TRY IT
Each of the entries below needs to be given again exactly.

**** MATERIAL FOR THE TASK

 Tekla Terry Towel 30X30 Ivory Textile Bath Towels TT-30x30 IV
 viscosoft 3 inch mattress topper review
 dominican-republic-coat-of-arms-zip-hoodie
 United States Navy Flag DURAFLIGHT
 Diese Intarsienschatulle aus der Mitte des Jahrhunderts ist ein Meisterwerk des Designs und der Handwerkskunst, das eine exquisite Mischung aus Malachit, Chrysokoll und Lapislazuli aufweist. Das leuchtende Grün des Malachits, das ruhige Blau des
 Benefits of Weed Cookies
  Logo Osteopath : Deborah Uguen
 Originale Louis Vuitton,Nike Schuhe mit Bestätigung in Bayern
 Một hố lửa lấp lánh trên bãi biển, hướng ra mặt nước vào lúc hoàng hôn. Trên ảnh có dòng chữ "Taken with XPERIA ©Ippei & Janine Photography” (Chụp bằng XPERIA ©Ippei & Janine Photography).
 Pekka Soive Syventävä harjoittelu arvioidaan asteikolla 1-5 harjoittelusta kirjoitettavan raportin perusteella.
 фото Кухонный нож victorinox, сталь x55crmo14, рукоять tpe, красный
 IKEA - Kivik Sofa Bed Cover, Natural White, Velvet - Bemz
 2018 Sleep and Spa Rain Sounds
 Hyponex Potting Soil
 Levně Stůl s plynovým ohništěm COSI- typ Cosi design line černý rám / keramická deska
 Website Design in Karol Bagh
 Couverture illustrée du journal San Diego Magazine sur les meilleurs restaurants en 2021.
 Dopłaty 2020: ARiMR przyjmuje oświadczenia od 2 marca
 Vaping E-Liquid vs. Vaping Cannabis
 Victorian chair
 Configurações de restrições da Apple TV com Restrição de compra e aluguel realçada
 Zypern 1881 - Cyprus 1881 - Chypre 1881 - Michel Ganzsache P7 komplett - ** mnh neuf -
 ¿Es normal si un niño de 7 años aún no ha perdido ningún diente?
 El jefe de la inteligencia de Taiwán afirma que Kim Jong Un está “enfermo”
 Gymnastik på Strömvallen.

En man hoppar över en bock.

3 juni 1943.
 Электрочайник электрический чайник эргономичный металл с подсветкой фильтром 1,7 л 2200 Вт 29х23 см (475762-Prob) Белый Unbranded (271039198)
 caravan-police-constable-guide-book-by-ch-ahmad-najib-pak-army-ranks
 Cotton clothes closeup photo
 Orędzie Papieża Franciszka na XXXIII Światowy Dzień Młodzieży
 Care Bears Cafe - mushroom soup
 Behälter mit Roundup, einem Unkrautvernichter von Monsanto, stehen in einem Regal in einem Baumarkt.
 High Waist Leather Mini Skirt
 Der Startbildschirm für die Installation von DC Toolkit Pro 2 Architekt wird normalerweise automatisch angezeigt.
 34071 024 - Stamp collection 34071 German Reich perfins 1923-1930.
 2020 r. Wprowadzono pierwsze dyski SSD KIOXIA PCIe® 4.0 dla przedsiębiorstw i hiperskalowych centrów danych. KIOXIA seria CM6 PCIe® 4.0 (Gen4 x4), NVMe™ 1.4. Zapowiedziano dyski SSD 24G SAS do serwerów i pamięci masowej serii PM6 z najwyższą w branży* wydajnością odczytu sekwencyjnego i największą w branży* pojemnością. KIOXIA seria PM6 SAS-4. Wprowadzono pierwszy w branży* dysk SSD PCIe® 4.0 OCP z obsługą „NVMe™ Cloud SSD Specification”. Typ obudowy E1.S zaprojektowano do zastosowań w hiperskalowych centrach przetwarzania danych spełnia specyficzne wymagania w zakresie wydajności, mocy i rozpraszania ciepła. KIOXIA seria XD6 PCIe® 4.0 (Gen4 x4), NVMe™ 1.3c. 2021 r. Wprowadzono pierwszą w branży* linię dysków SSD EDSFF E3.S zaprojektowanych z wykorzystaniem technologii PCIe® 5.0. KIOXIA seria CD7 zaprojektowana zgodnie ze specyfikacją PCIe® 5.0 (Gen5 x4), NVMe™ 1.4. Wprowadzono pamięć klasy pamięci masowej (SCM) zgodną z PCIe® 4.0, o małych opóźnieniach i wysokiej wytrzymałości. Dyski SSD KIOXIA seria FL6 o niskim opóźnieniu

********

ANSWER BOX
 Tekla Terry Towel 30X30 Ivory Textile Bath Towels TT-30x30 IV
 viscosoft 3 inch mattress topper review
 dominican-republic-coat-of-arms-zip-hoodie
 United States Navy Flag DURAFLIGHT
 Diese Intarsienschatulle aus der Mitte des Jahrhunderts ist ein Meisterwerk des Designs und der Handwerkskunst, das eine exquisite Mischung aus Malachit, Chrysokoll und Lapislazuli aufweist. Das leuchtende Grün des Malachits, das ruhige Blau des
 Benefits of Weed Cookies
  Logo Osteopath : Deborah Uguen
 Originale Louis Vuitton,Nike Schuhe mit Bestätigung in Bayern
 Một hố lửa lấp lánh trên bãi biển, hướng ra mặt nước vào lúc hoàng hôn. Trên ảnh có dòng chữ "Taken with XPERIA ©Ippei & Janine Photography” (Chụp bằng XPERIA ©Ippei & Janine Photography).
 Pekka Soive Syventävä harjoittelu arvioidaan asteikolla 1-5 harjoittelusta kirjoitettavan raportin perusteella.
 фото Кухонный нож victorinox, сталь x55crmo14, рукоять tpe, красный
 IKEA - Kivik Sofa Bed Cover, Natural White, Velvet - Bemz
 2018 Sleep and Spa Rain Sounds
 Hyponex Potting Soil
 Levně Stůl s plynovým ohništěm COSI- typ Cosi design line černý rám / keramická deska
 Website Design in Karol Bagh
 Couverture illustrée du journal San Diego Magazine sur les meilleurs restaurants en 2021.
 Dopłaty 2020: ARiMR przyjmuje oświadczenia od 2 marca
 Vaping E-Liquid vs. Vaping Cannabis
 Victorian chair
 Configurações de restrições da Apple TV com Restrição de compra e aluguel realçada
 Zypern 1881 - Cyprus 1881 - Chypre 1881 - Michel Ganzsache P7 komplett - ** mnh neuf -
 ¿Es normal si un niño de 7 años aún no ha perdido ningún diente?
 El jefe de la inteligencia de Taiwán afirma que Kim Jong Un está “enfermo”
 Gymnastik på Strömvallen.

En man hoppar över en bock.

3 juni 1943.
 Электрочайник электрический чайник эргономичный металл с подсветкой фильтром 1,7 л 2200 Вт 29х23 см (475762-Prob) Белый Unbranded (271039198)
 caravan-police-constable-guide-book-by-ch-ahmad-najib-pak-army-ranks
 Cotton clothes closeup photo
 Orędzie Papieża Franciszka na XXXIII Światowy Dzień Młodzieży
 Care Bears Cafe - mushroom soup
 Behälter mit Roundup, einem Unkrautvernichter von Monsanto, stehen in einem Regal in einem Baumarkt.
 High Waist Leather Mini Skirt
 Der Startbildschirm für die Installation von DC Toolkit Pro 2 Architekt wird normalerweise automatisch angezeigt.
 34071 024 - Stamp collection 34071 German Reich perfins 1923-1930.
 2020 r. Wprowadzono pierwsze dyski SSD KIOXIA PCIe® 4.0 dla przedsiębiorstw i hiperskalowych centrów danych. KIOXIA seria CM6 PCIe® 4.0 (Gen4 x4), NVMe™ 1.4. Zapowiedziano dyski SSD 24G SAS do serwerów i pamięci masowej serii PM6 z najwyższą w branży* wydajnością odczytu sekwencyjnego i największą w branży* pojemnością. KIOXIA seria PM6 SAS-4. Wprowadzono pierwszy w branży* dysk SSD PCIe® 4.0 OCP z obsługą „NVMe™ Cloud SSD Specification”. Typ obudowy E1.S zaprojektowano do zastosowań w hiperskalowych centrach przetwarzania danych spełnia specyficzne wymagania w zakresie wydajności, mocy i rozpraszania ciepła. KIOXIA seria XD6 PCIe® 4.0 (Gen4 x4), NVMe™ 1.3c. 2021 r. Wprowadzono pierwszą w branży* linię dysków SSD EDSFF E3.S zaprojektowanych z wykorzystaniem technologii PCIe® 5.0. KIOXIA seria CD7 zaprojektowana zgodnie ze specyfikacją PCIe® 5.0 (Gen5 x4), NVMe™ 1.4. Wprowadzono pamięć klasy pamięci masowej (SCM) zgodną z PCIe® 4.0, o małych opóźnieniach i wysokiej wytrzymałości. Dyski SSD KIOXIA seria FL6 o niskim opóźnieniu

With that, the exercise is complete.